Nous avons séparé les mots trop proches comme « ministre et gouvernement », « armée et guerre ». Nous avons mélangé adjectifs et substantifs et avons glissé tout au long de la liste des mots pouvant être perçus comme moins directement politiques par les enfants, tels que « obéissance,

devoir, liberté ». Il s’agissait d’aérer l’ensemble, de « dépolitiser » en apparence l’opération et d’éviter une automaticité des réponses chez l’enfant.

Pour éviter les chances d’incompréhension du stimulus de réponse, nous avons simplement demandé aux enfants de cocher s’ils connaissaient, aimaient, n’aimaient pas les mots que nous leur soumettions ou choisissaient de ne pas répondre (champ libre).

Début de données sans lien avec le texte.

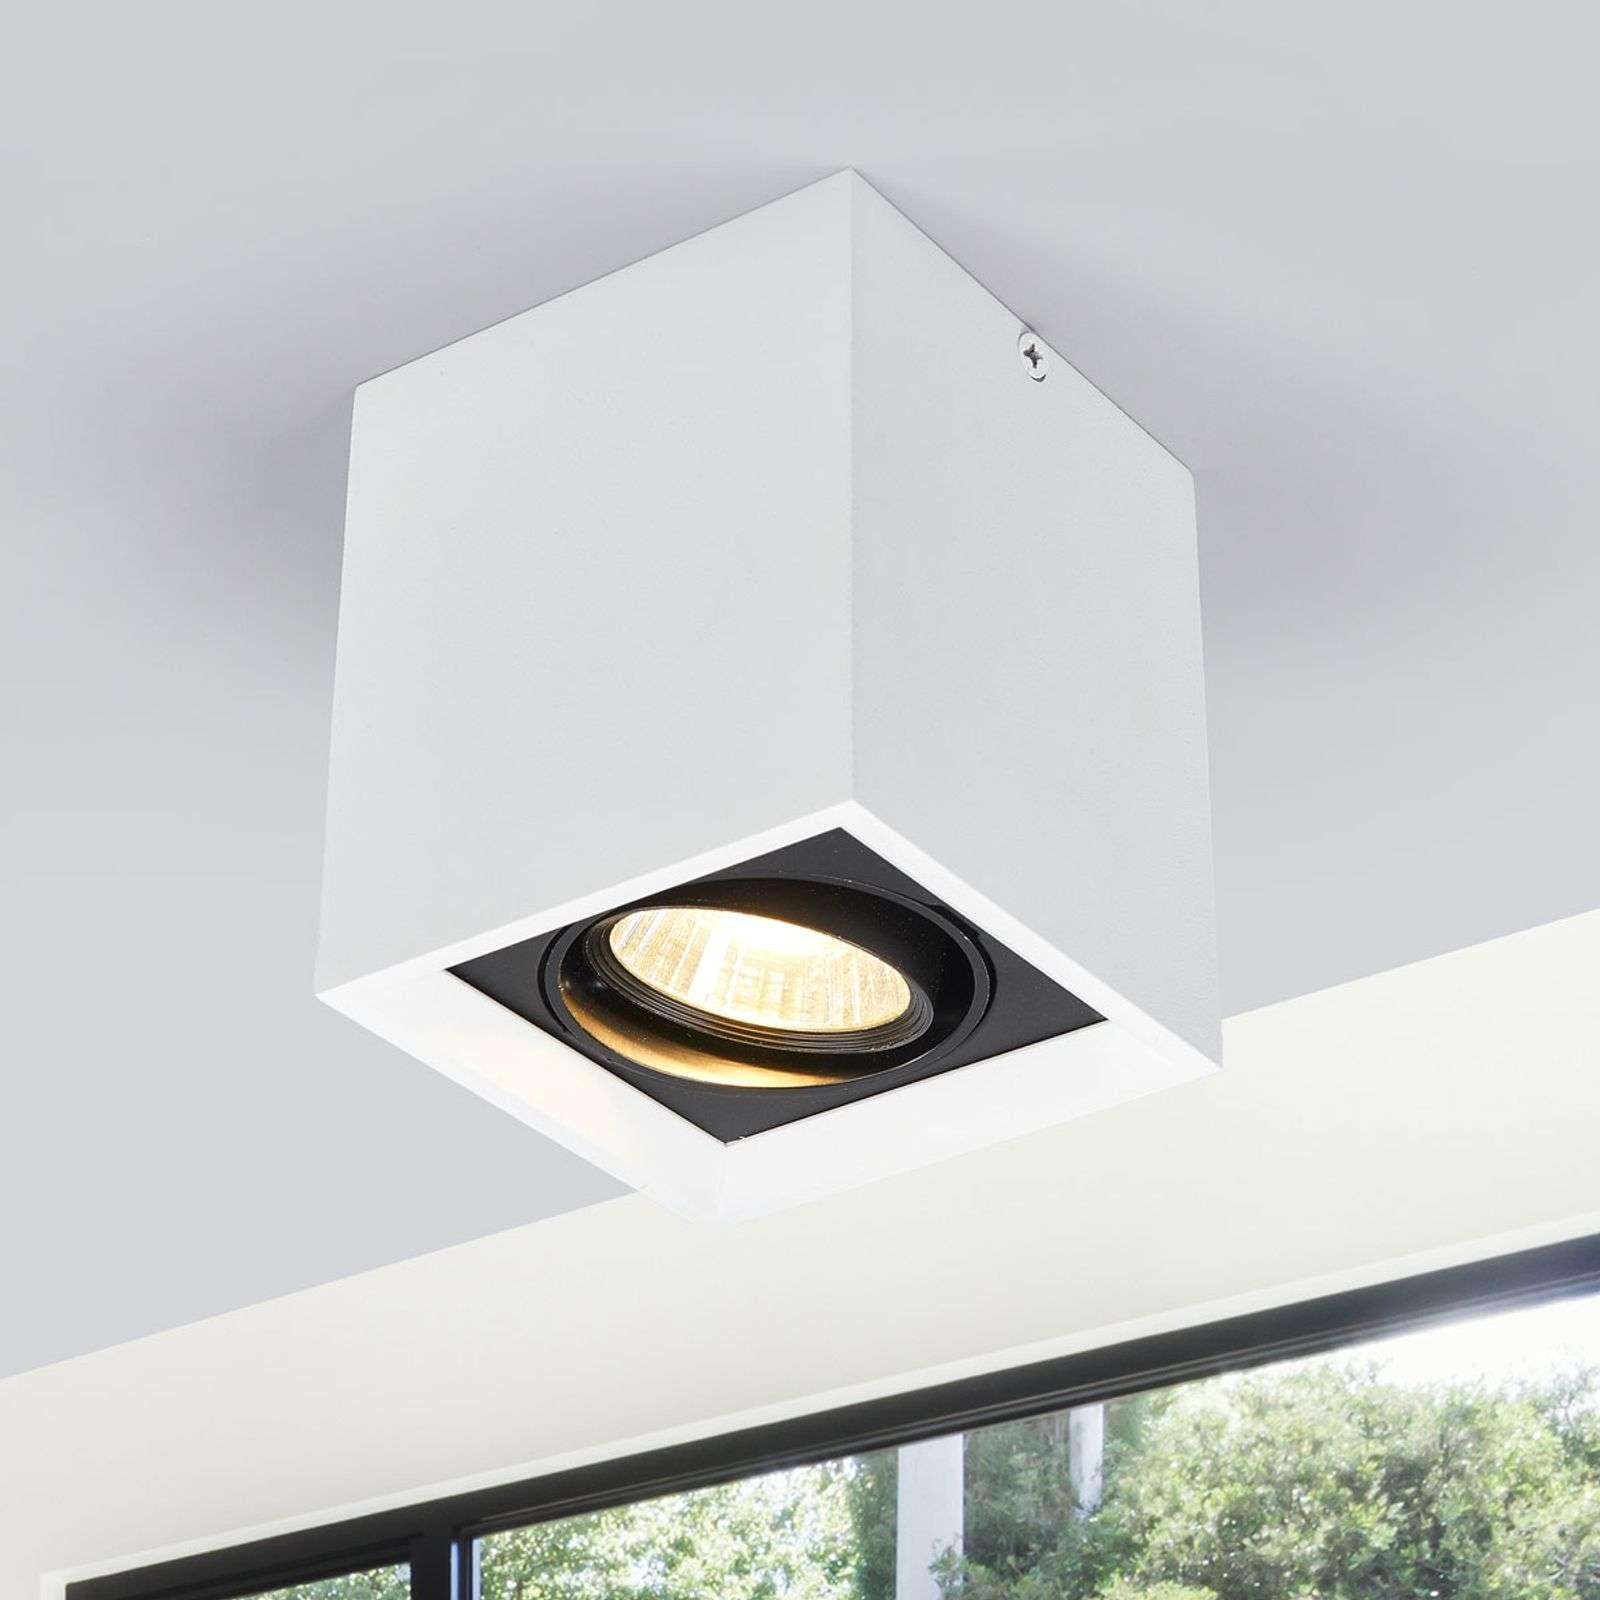 Bílé LED svítidlo downlight Loreen

Pour chaque mot, les propositions de réponses se présentent donc ainsi :

Assemblée nationale Je n’aime pas J’aime Je ne connais pas

Nous retenons ces quatre réponses pour couvrir deux dimensions essentielles de l’acquisition du vocabulaire que sont la compréhension, la valorisation ou l’ignorance, sans préjuger de leur ordre d’apparition ni de leur rôle respectif. Notre objectif est d’essayer de trouver les dimensions de l’univers politique des élèves dans le domaine du pouvoir, les modalités de développement de leurs connaissances et la valorisation des symboles politiques en fonction de facteurs tels que l’âge et le sexe. Par ailleurs, nous nous situons d’emblée au niveau de l’affectif afin de pouvoir étudier ensuite la signification sur le plan intellectuel de telle représentation ou du regroupement de tel et tel mot.